Exhibit 2: Relative efficacy and cost of lung cancer diagnostics
Test name |
Company |
Sensitivity (%) |
False negative rate (%) |
Specificity (%) |
False positive rate (%) |
Cost ($) |
Sputum cytology |
|
66 |
34 |
99 |
1 |
2,500 |
Needle biopsy |
|
90 |
10 |
97 |
3 |
9,000 |
Chest X-ray |
|
54 |
46 |
99 |
1 |
100 |
LDCT |
|
89 |
11 |
93 |
7 |
300 |
PAULA |
Genesys Biolabs |
74 |
26 |
80 |
20 |
95 |
Lc Detect |
Panacea Global |
98 |
2 |
90 |
10 |
200 |
Percepta |
Veracyte |
97 |
3 |
47 |
53 |
4,875 |
Epi proLung BL Reflex |
Epiogenomics |
81 |
19 |
95 |
5 |
|
NuQ x2 blood |
VolitionRx |
76 |
24 |
92 |
8 |
40-80 |
NuQ x2 sputum |
VolitionRx |
85 |
15 |
100 |
0 |
40-80 |
NuQ x4 blood |
VolitionRx |
93 |
7 |
91 |
9 |
40-80 |
Source: Chest Journal, ASTRO, Cancer Journal, company Reports
Numerous readouts in 2016
VolitionRx has had a strong track record engaging institutions and initiating collaborative studies. These efforts have resulted in a substantial number of ongoing clinical trials, the majority of which will have readouts in 2016. CRC remains a significant focus of the company, with three trials ongoing in collaboration with Hvidovre Hospital in Denmark, all of which have expected readouts in H116. Among these is the first study of NuQ’s unique capacity to detect colorectal adenomas, the precancerous polyps that significantly increase the risk of developing CRC. In previous trials examining CRC, NuQ detected 67% of adenomas, which is significantly better than existing non-invasive tests. The upcoming data on adenoma may be used by the company to optimize the NuQ panel to further improve the detection of these lesions. Data are expected in this trial in H116.
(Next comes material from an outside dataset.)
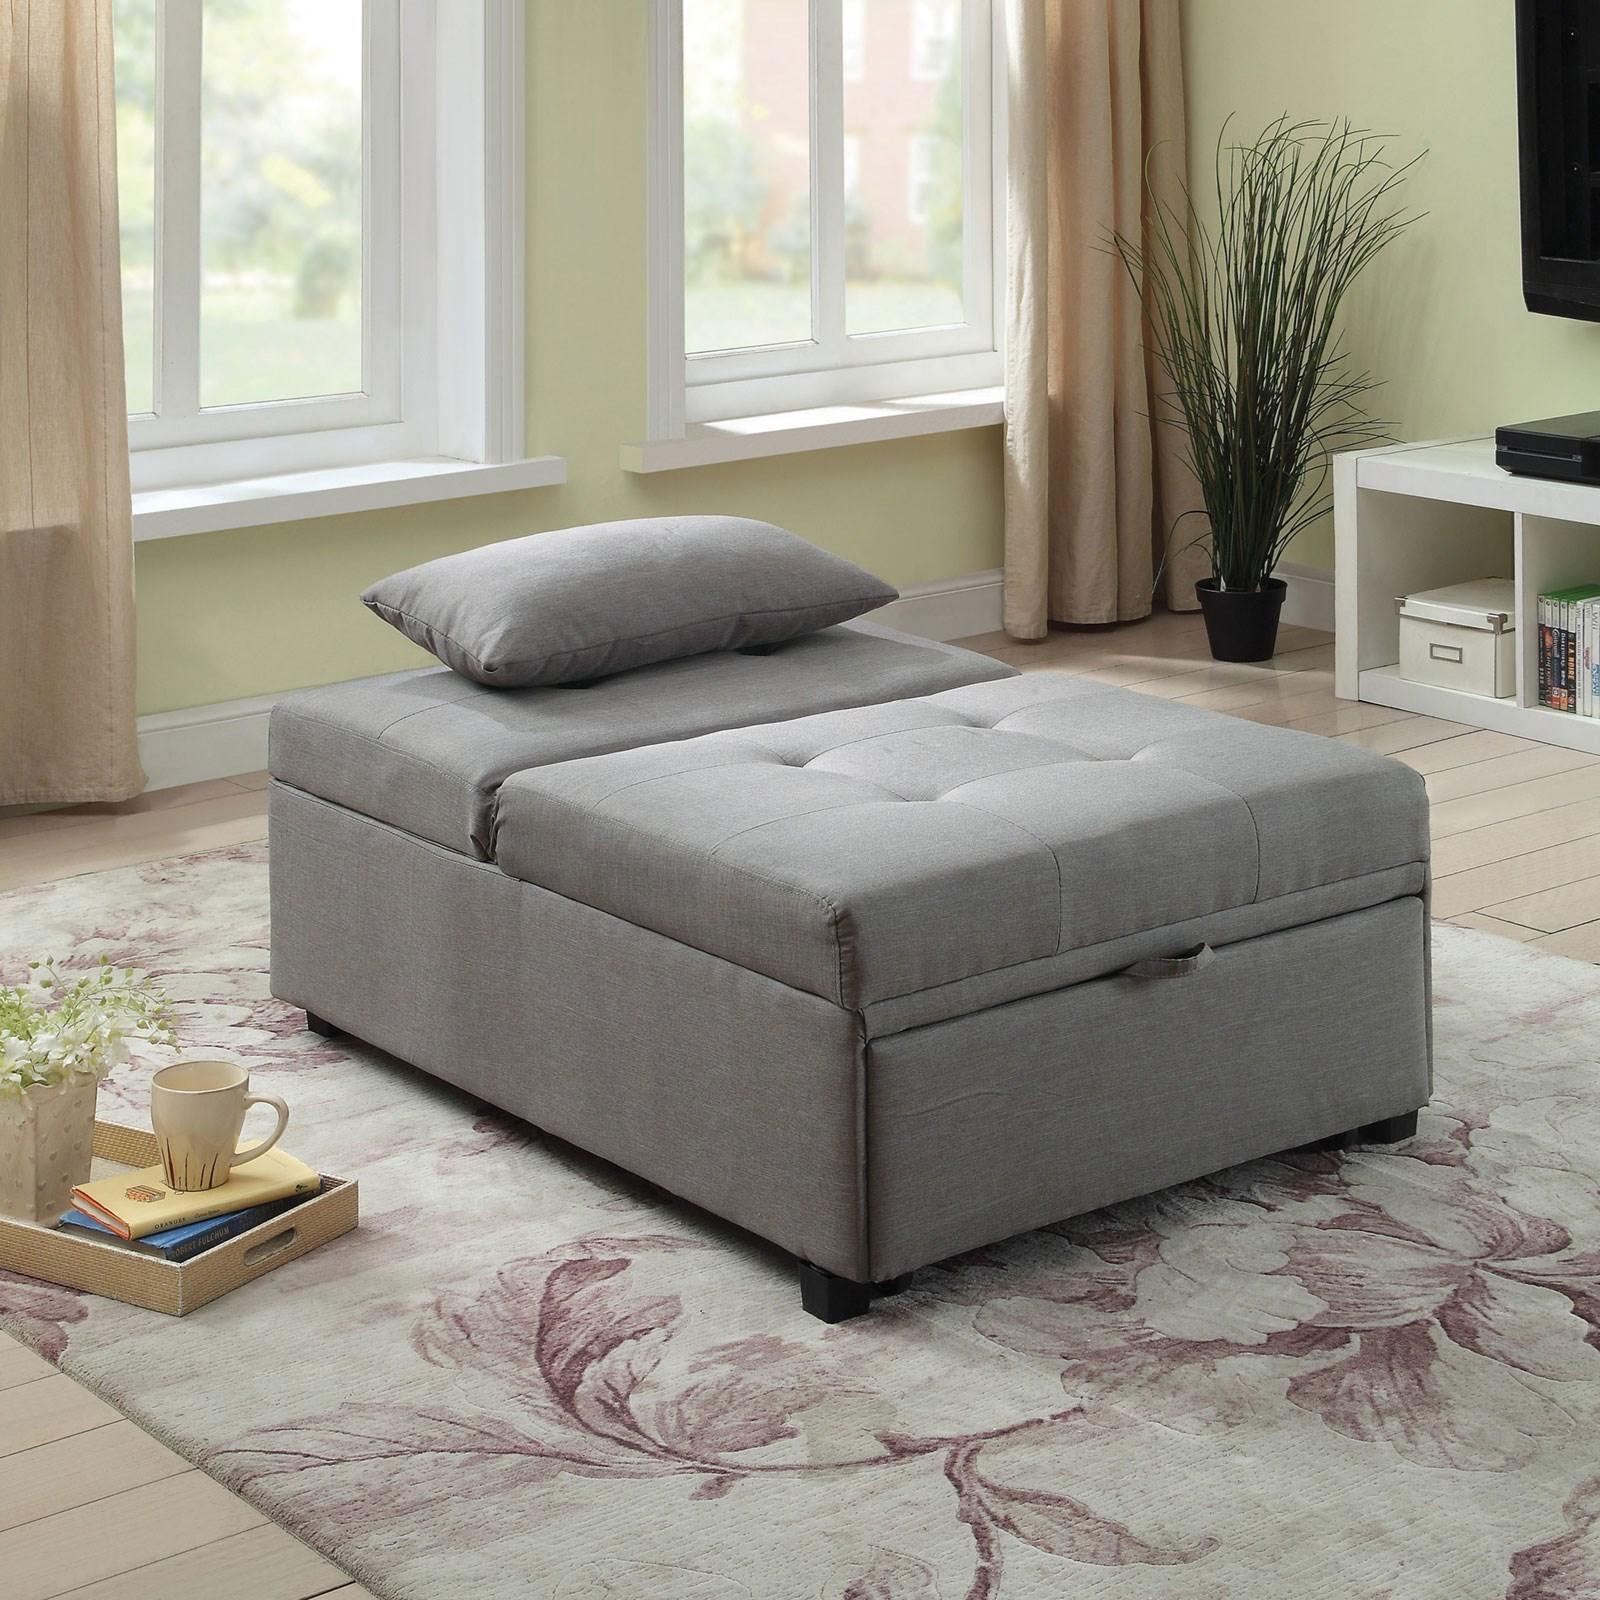 Oona Futon Sofa at Household Furniture

Exhibit 3: Clinical catalysts in 2016
Indication |
Data |
Trial description |
Colorectal cancer |
Q116 |
First 2,500 samples from 14,000-person population screening study at Hvidovre Hospital complete. Will have comparison to FIT and colonoscopy. |
Prostate cancer |
Q116 |
Exploratory study at MD Anderson Cancer Center. Evaluation of NuQ for early detection of anaplastic prostate cancer vs castration-resistant prostate cancer. |
Colorectal adenomas |
H116 |
800-person study at Hvidovre Hospital. Largest study to detect precancerous adenomatous polyps. |
Colorectal cancer |
H116 |
4,800-person study at Hvidovre Hospital. |
Pan-Cancer |
H216 |
4,700-person study at Bonn University Hospital. Study screening for 27 of the most common solid and haematological cancers. |
Lung cancer |
H216 |
600-person study at Bonn University Hospital. Aim is to confirm pilot results of NuQ for early detection of lung cancer. Control groups of healthy and patients with non-cancerous lung disease. |
Endometriosis |
H216 |
500-person study at the University of Oxford. Laparoscopically confirmed endometriosis with healthy individuals. |
Additionally, the company continues to expand and support the development of NuQ testing panels for other oncology indications. There are additional results from a second, confirmatory 600-person lung cancer study expected in H216, as well as expansions into prostate cancer, endometriosis and ovarian cancer. Early studies into CRC had the interesting, unintended consequence of identifying patients with other forms of cancer, otherwise unrelated to CRC. Currently, the exact extent of different cancers that can be detected by NuQ tests and the degree to which these test results can differentiate cancer types is unknown. To answer these questions, the company is gathering data from 4,700 people across a range of 27 different malignancies in a study at Bonn University, which should provide insight into the utility of NuQ tests for other cancer types. Data are expected for this trial in H216 and should be a significant catalyst for the company.